At the end of process step d), the fraction of oxygen can be reduced in a selective manner and replaced by a fraction of inert gas. The fraction of oxygen can initially amount well above 50%, whilst the fraction of inert gas towards the end of this process step amounts to over 50%. In this way, the fraction of copper(I)oxide can be minimised. The inert gas treatment can be continued in process step e).

The actual conversion process in process step d) can be represented chemically as follows:
2Cu2S+3O2=>2Cu2O 30 2S2
2Cu2O 30 Cu2S=>6Cu+SO2.

The emptying of a converter with 300 tonnes of blister copper takes approximately one hour. According to the invention, the metal melt should also be acted upon (treated) during this emptying stage. The secondary metallurgical treatment of the copper melt can thus be conducted over the whole conversion process.

The feeding of the gas (the gases) can take place via a plurality of gas purging/rinsing elements. Such gas purging elements (gas rinsing bricks) have been known for decades especially from the treatment of steel melts. Such gas purging elements can be readily adopted according to the invention. Gas rinsing elements with directed porosity as well as those with non-directed porosity can be used. The first group is characterised in that more or less rectilinear slits or channels are formed in the rinsing elements, through which the gas is conveyed. Gas rinsing elements with non-directed porosity are designed like a “sponge”. The gas must move through the body from pore to pore.
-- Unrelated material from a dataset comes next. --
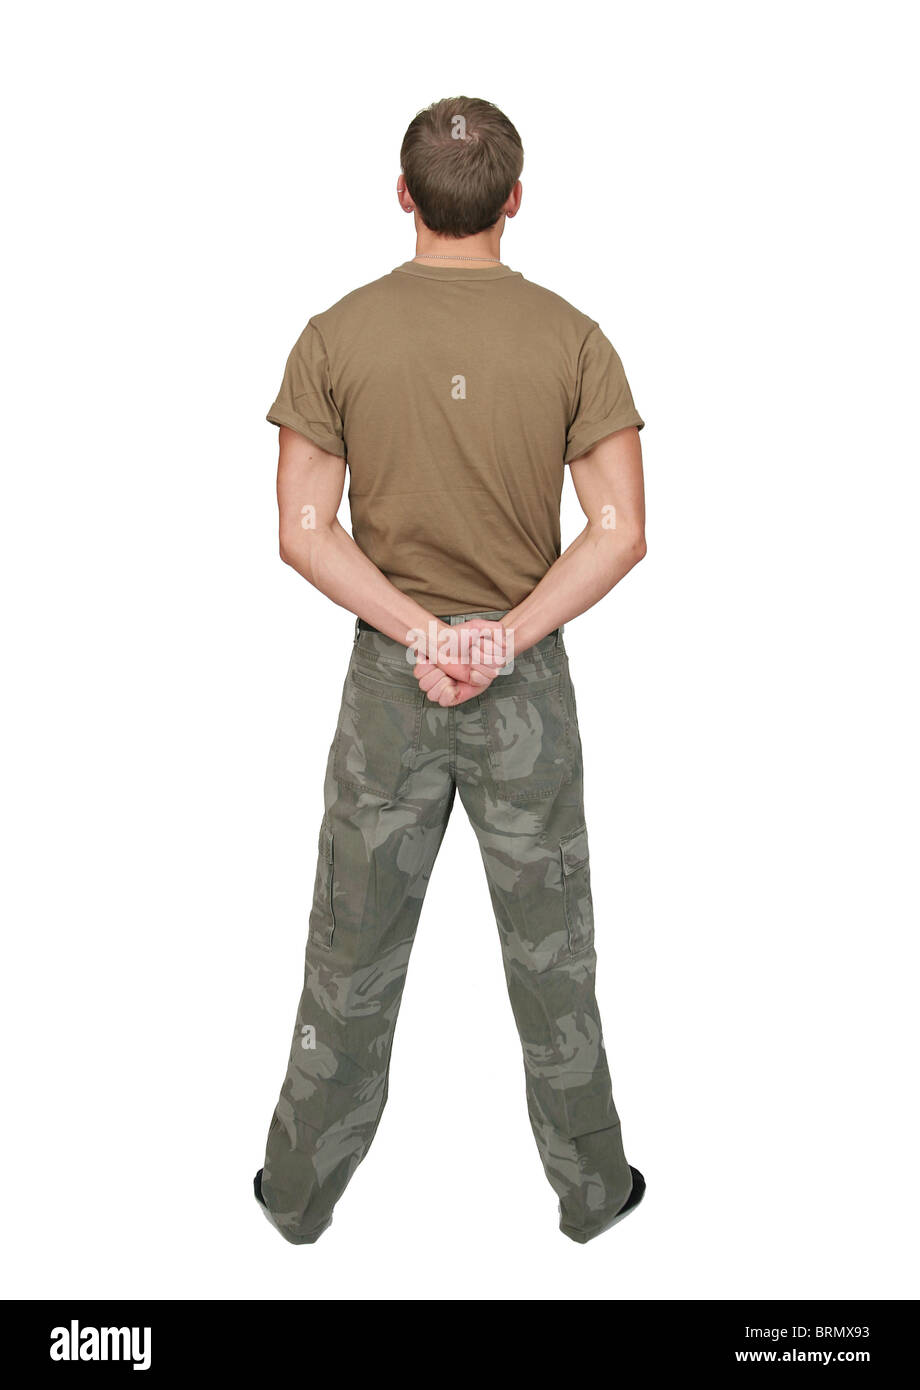 Mettre en place un soldat attrayant dans un tshirt marron avec plaques portrait demi-longueur over white Banque D'Images

Such gas purging elements (or also nozzle-type gas rinsing elements) can be used individually or in groups in the bottom and/or the wall of the converter. According to the invention, provision is made such that they can be activated individually, in preselectable groups or all together. Again, individual gas rinsing elements or groups of gas rinsing elements can be charged with a different gas or different gas pressure.

Preferably, a suitable gas regulator is provided for this purpose. The latter can be adjusted so as to set the metal melt into a motion which is such that the slag floating thereon acquires a specific flow direction, for example in the direction of the tapping opening.

The method can be conducted in such a way that gas(es) is introduced into the melt (blown in, jetted in) during all the treatment steps and uninterruptedly.

Both the gas and the gas quantity and/or gas pressure can be changed during the individual treatment steps.

In a converter which can accommodate for example 300 tonnes of copper blister, 10 gas rinsing elements can for example be provided, each with a rinsing rate of for example 200 litres per minute.

The method enables greatly accelerated pyrometallurgical copper production with a degree of purity which at least corresponds to the degree of purity according to the prior art and can lie well above 99.5 wt. %.